Pro Data fio Benchmark Results2

M2 Max MacBook Pro, macOS 14.2 Sonoma, Pro Data firmware version 1.4

Unformatted 16GB I/O total, queue depth=8, 256KB blocksize

Single Path (R/W MBps) Multi-Path (R/W MBps)
RAID-0 RAID-6 RAID-0 RAID-6
3100 / 1900 3100 / 1500 5200 / 2400 5400 / 1800

Apple Filesystem 16GB I/O total, queue depth=8, 1MB blocksize

Single Path (R/W MBps) Multi-Path (R/W MBps)
RAID-0 RAID-6 RAID-0 RAID-6
3100 / 1800 3100 / 1500 5200 / 2300 5300 / 1800

The multi-path results above show the effects of our unique Thunderbolt NVMe Multipathing, with two Thunderbolt cables connected to Pro Data to reach even higher performance levels.

Of course, not everyone loves the command line, so we went down the GUI benchmark rabbit hole, and there were met by the big GO button.

Benchmark utility

Typical benchmarks don’t tend to give much insight into what is being measured, or provide tunable properties that can simulate real-world workloads. In profiling Pro Data, our goal quickly shifted to demystifying why results vary so widely by measuring the following key factors that affect storage performance during testing.

Blocksize and Alignment. These refer to the amount of data read/written for each operation, and how well that size aligns with on-media logical block addresses (LBA). Most storage devices are assigned an LBA of 4KB due to a legacy of smaller file sizes, however this means that most files are broken up into many more blocks, which can flood the command queue, explained further below. Different benchmarks use different block sizes and alignments, which accounts for part of the variation seen above, and may not match the sizes used by your workload.

Concurrency. Applications make read/write requests to a storage device in batches; the number of requests in a batch is commonly referred to as queue depth, representing the number of requests a device can receive at a time. When a storage device cannot either process or buffer these threads of batched commands as quickly as they are made, then performance degrades. Peak SSD storage performance is always going to be achieved with a highly concurrent workload, such as playback of multiple 4K video streams.
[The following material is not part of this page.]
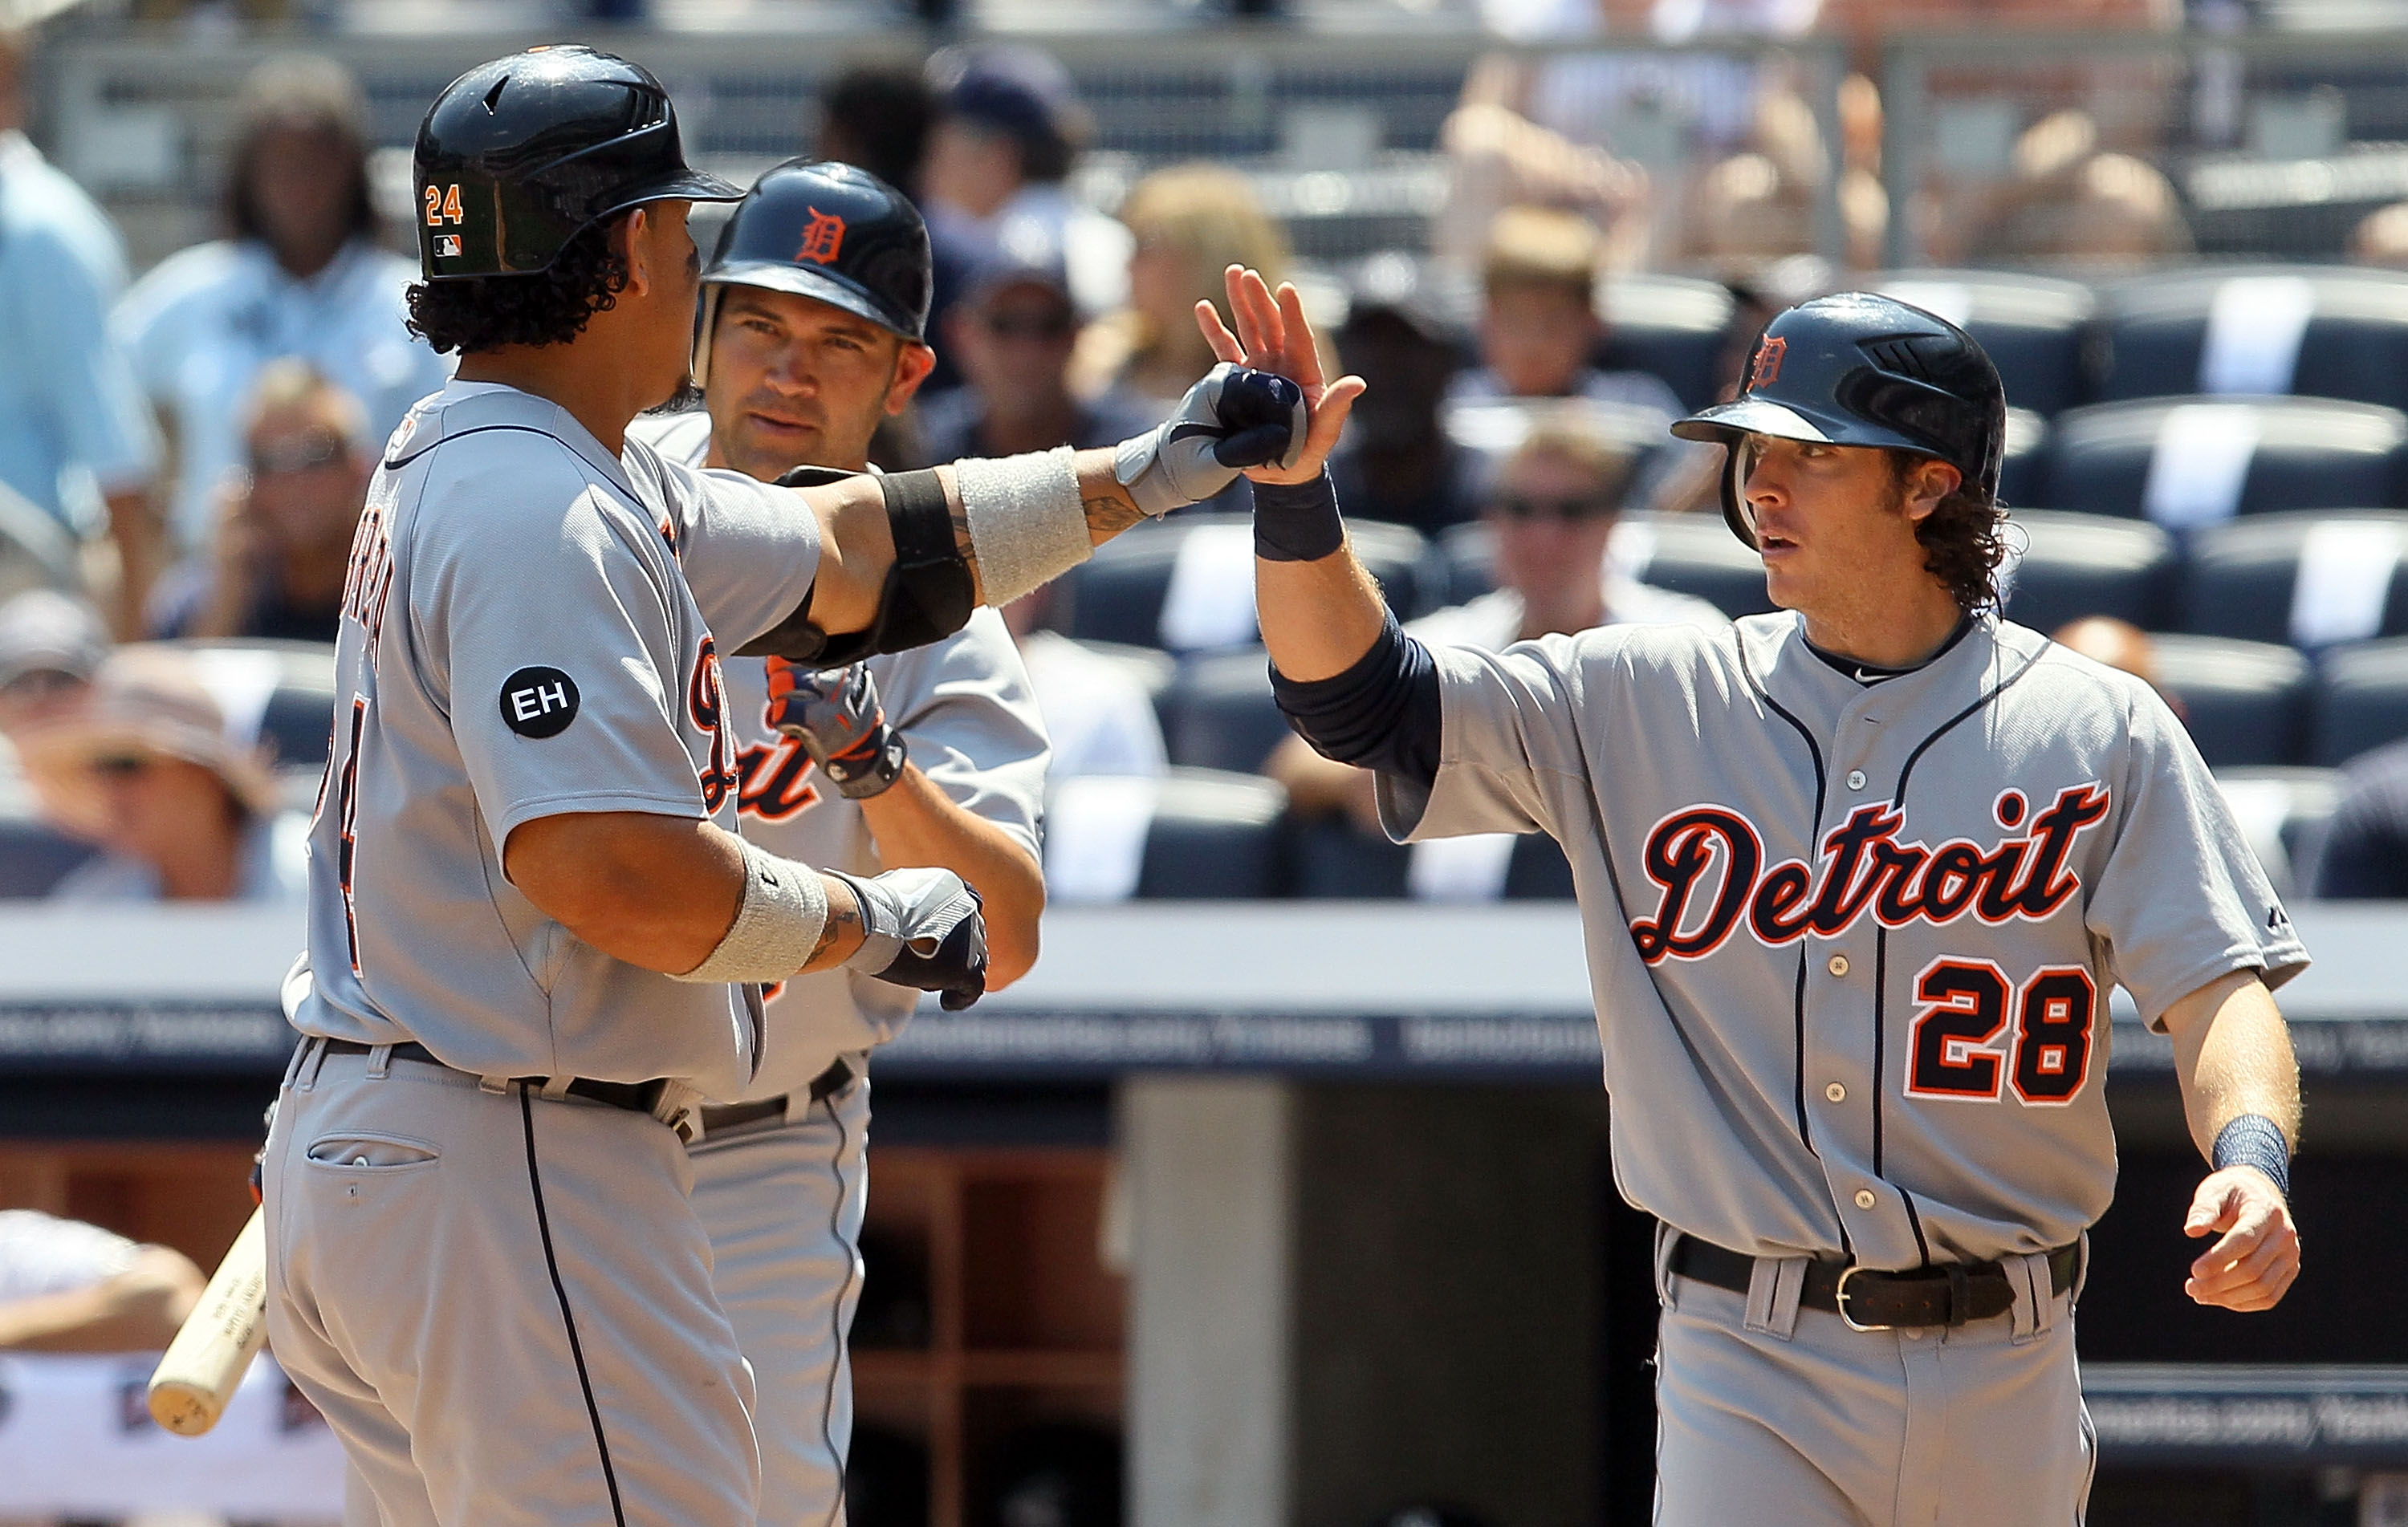 NEW YORK - AUGUST 19:  Miguel Cabrera #24 of the Detroit Tigers celebrates his first inning two run home run against the New York Yankees with teammates Johnny Damon #18 and Will Rhymes #28 on August 19, 2010 at Yankee Stadium in the Bronx borough of New

When a benchmark utility stresses a storage device to see how well it can keep up with multiple requests, the above factors are tweaked to simulate what it assumes is a typical workload. The issue here is not only with transparency, but with the synthetic nature of the simulation. In other words, nothing simulates a workload better than having real applications perform common tasks. We’ll explore why that matters below.

Nothing simulates a workload better than having real applications perform common tasks.

Here’s a look at how Pro Data measures up using the macOS GUI benchmarks cited above, on both RAID-0 and RAID-6 containers with our latest firmware:

Pro Data Benchmark Results3

M2 Max MacBook Pro, macOS 14.2 Sonoma

Single Path (R/W MBps) Multi-Path (R/W MBps)
RAID-0 RAID-6 RAID-0 RAID-6
BlackMagic 2400 / 1900 2400 / 1500 3600 / 2400 3600 / 1800
Amorphous 3100 / 1800 3100 / 1500 5150 / 2250 5400 / 1750
ATTO 3100 / 1900 3100 / 1500 5100 / 2300 5200 / 1800
AJA 2700 / 1800 2700 / 1500 4400 / 2300 4500 / 1700

Here we continue to see the breakthrough performance of iodyne’s revolutionary NVMe multipathing. However, as before, different approaches to benchmarking deliver vastly disparate results. Even less helpful, these benchmarks typically measure in very short intervals – hardly reflective of professional workloads that require exponentially longer runtimes. So how can we translate this raw data into actionable information? We can begin to approach real-world results by looking at sustained performance.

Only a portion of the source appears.